Referring to FIG. 1 and FIG. 2, in a variant of the preferred embodiment intended for 6 ⅛″ hole sections, the tool joints have a dual OD: a proximal portion (2a) and distal portion (2b), with the proximal portion outer diameter greater than the tool joint distal portion outer diameter. The dual OD feature increases tool joint life and increases elevator capacity without decreasing drill pipe hydraulic performance. The dual OD feature also improves tube stand-off, which decreases side-wall forces and the associated tube wear. In a preferred embodiment the outer diameter of the tool joint proximal portion is 5¼″, while the outer diameter of the tool joint distal portion is 4⅞″. A connection such as a VAM® Express VX 39 can be used. This second variant of the preferred embodiment is compatible with a standard overshot and standard handling equipment for fishing operations in 6⅛″ hole sizes. The first variant of the preferred embodiment is not compatible with 6⅛″ hole sized equipment.

Referring to FIGS. 2 and 4, to extend pipe life wearbands can be positioned at mid-section of the pipe, such that the wearbands take more OD wear thereby extending the time before the pipe needs replacement.

In an exemplary embodiment, a central section of the drill pipe main portion has special metal thermal spray metallic coating wearbands, such as WearSox—trade mark of WearSox, which are more resistant to friction wear than the pipe body material. In a preferred embodiment, WearSox is applied over an area 8 feet in length located at the pipe mid-section, with a 1/16″ to ⅛″ thickness. Use of such a central wearband can increase tube service life by 200% or more in typical shale formations.

In an exemplary embodiment, hardbanding is used on the tool joints. In contrast with hardbanding on the pipe midsection, tool joint hardbanding is a hot welding process which protects casing and tool joint from wear. Standard hardbanding for tool joints is typically 3″ long and can be applied to the tool joint OD or in a groove. In an exemplary embodiment at least one tool joint has a hardbanding section with an outer diameter greater than or equal to an outer diameter of a tool joint by 3/16″.
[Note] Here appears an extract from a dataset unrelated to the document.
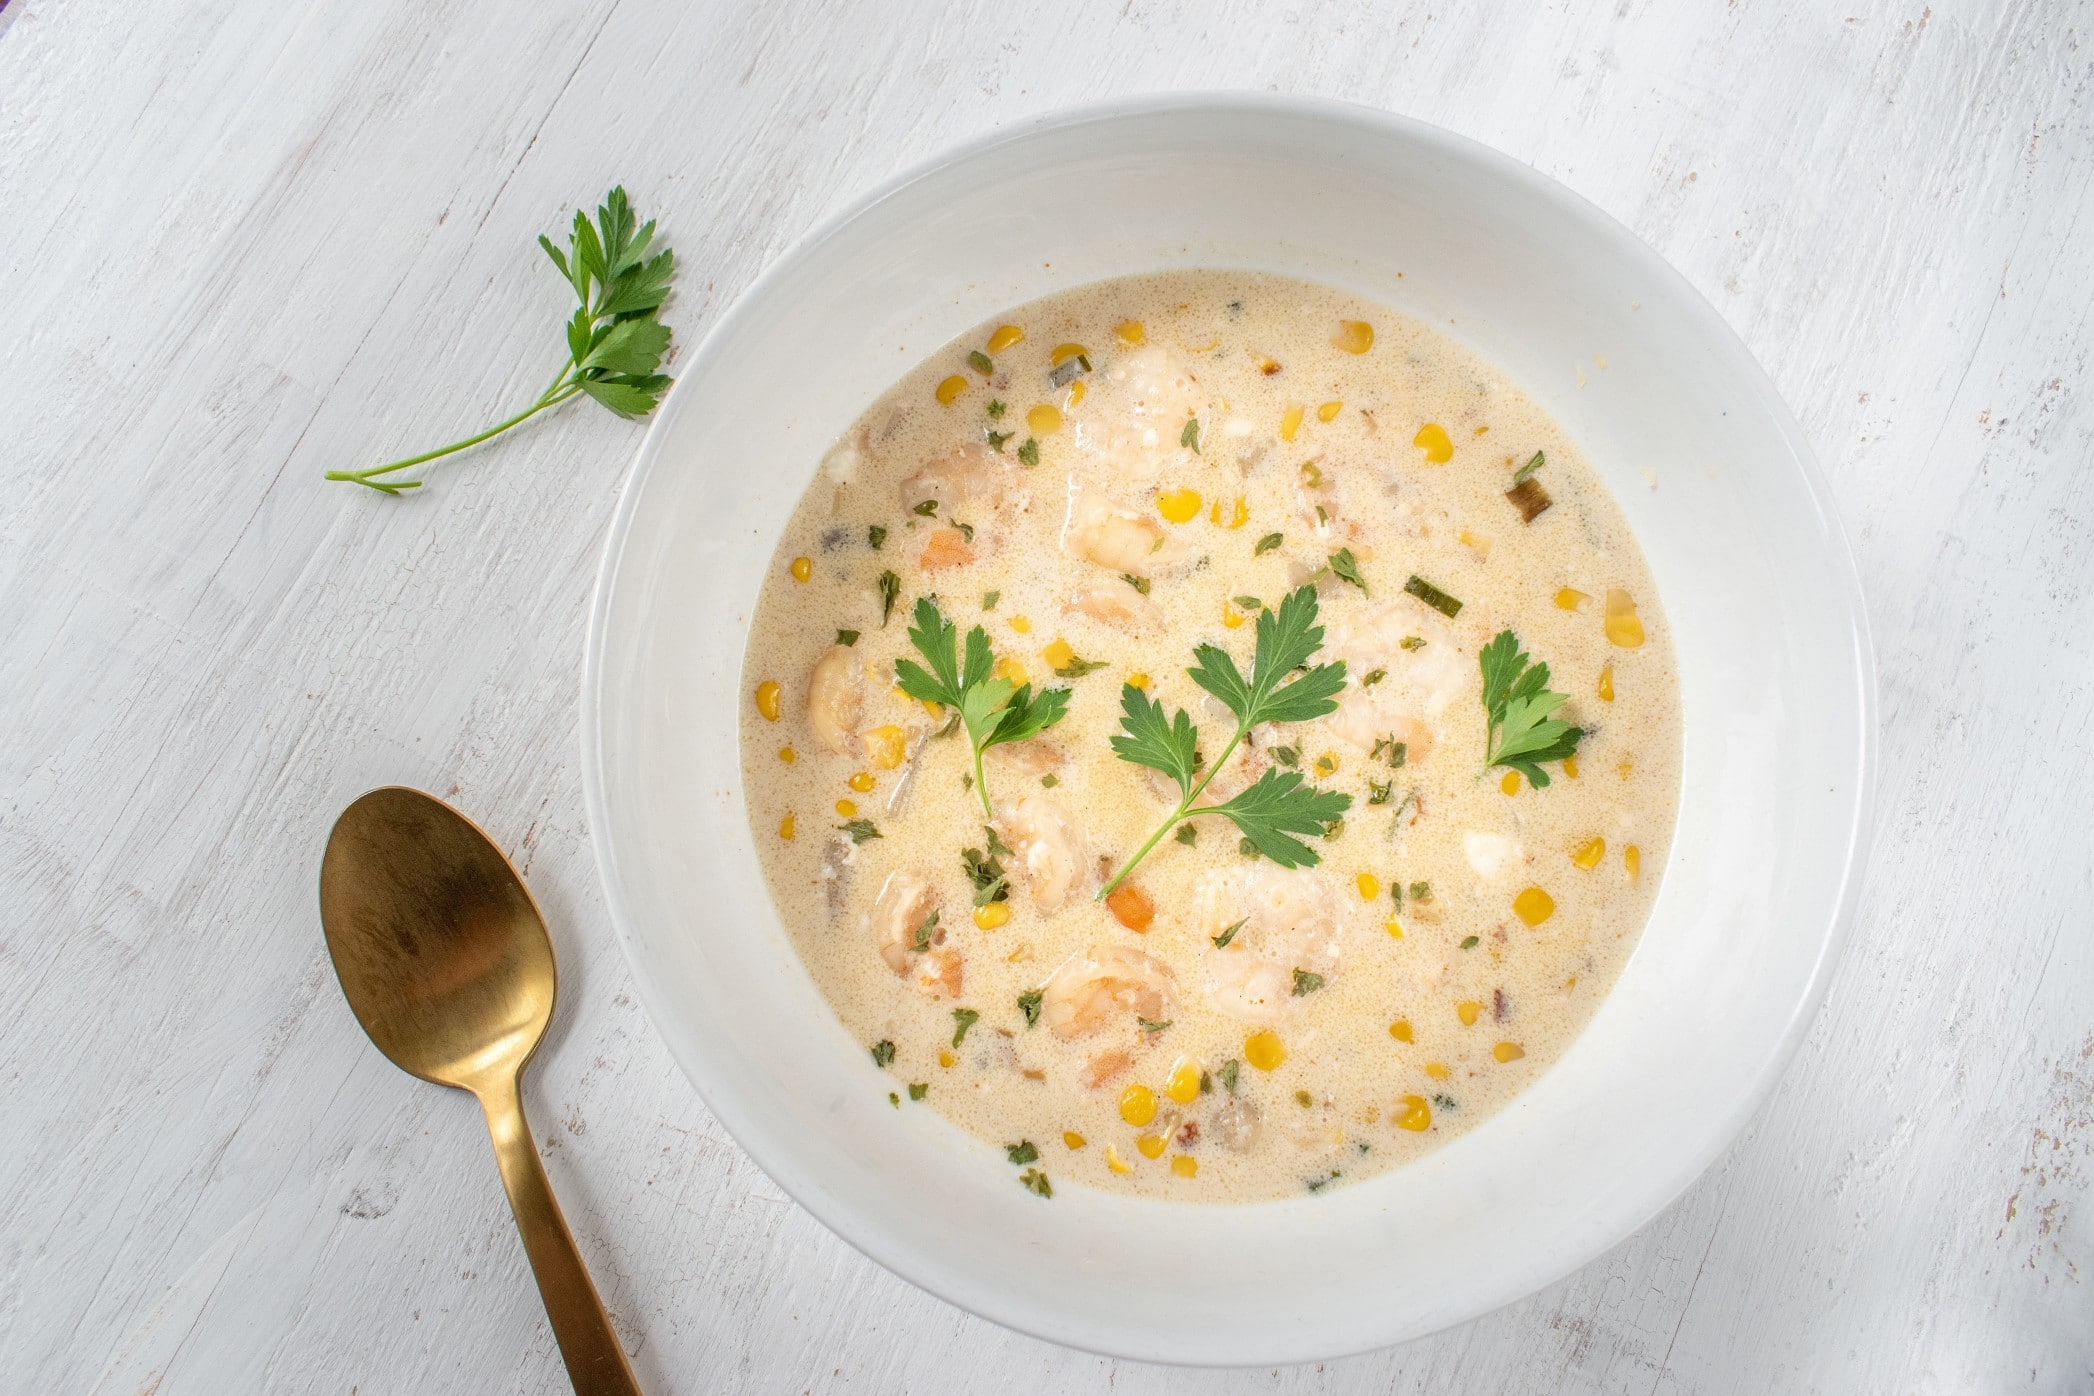 What To Serve With Corn Chowder: Sides & Compliments

In another embodiment, an internal plastic coating (IPC) is applied on the drill pipe interior to protect against corrosion, pitting, and corrosion fatigue. IPC can improve hydraulic efficiency. IPC may be liquid, solid, or an epoxy.

Because many possible embodiments may be made of the invention without departing from the scope thereof, it is to be understood that all matter herein set forth or shown in the accompanying drawings is to be interpreted as illustrative and not in a limiting sense.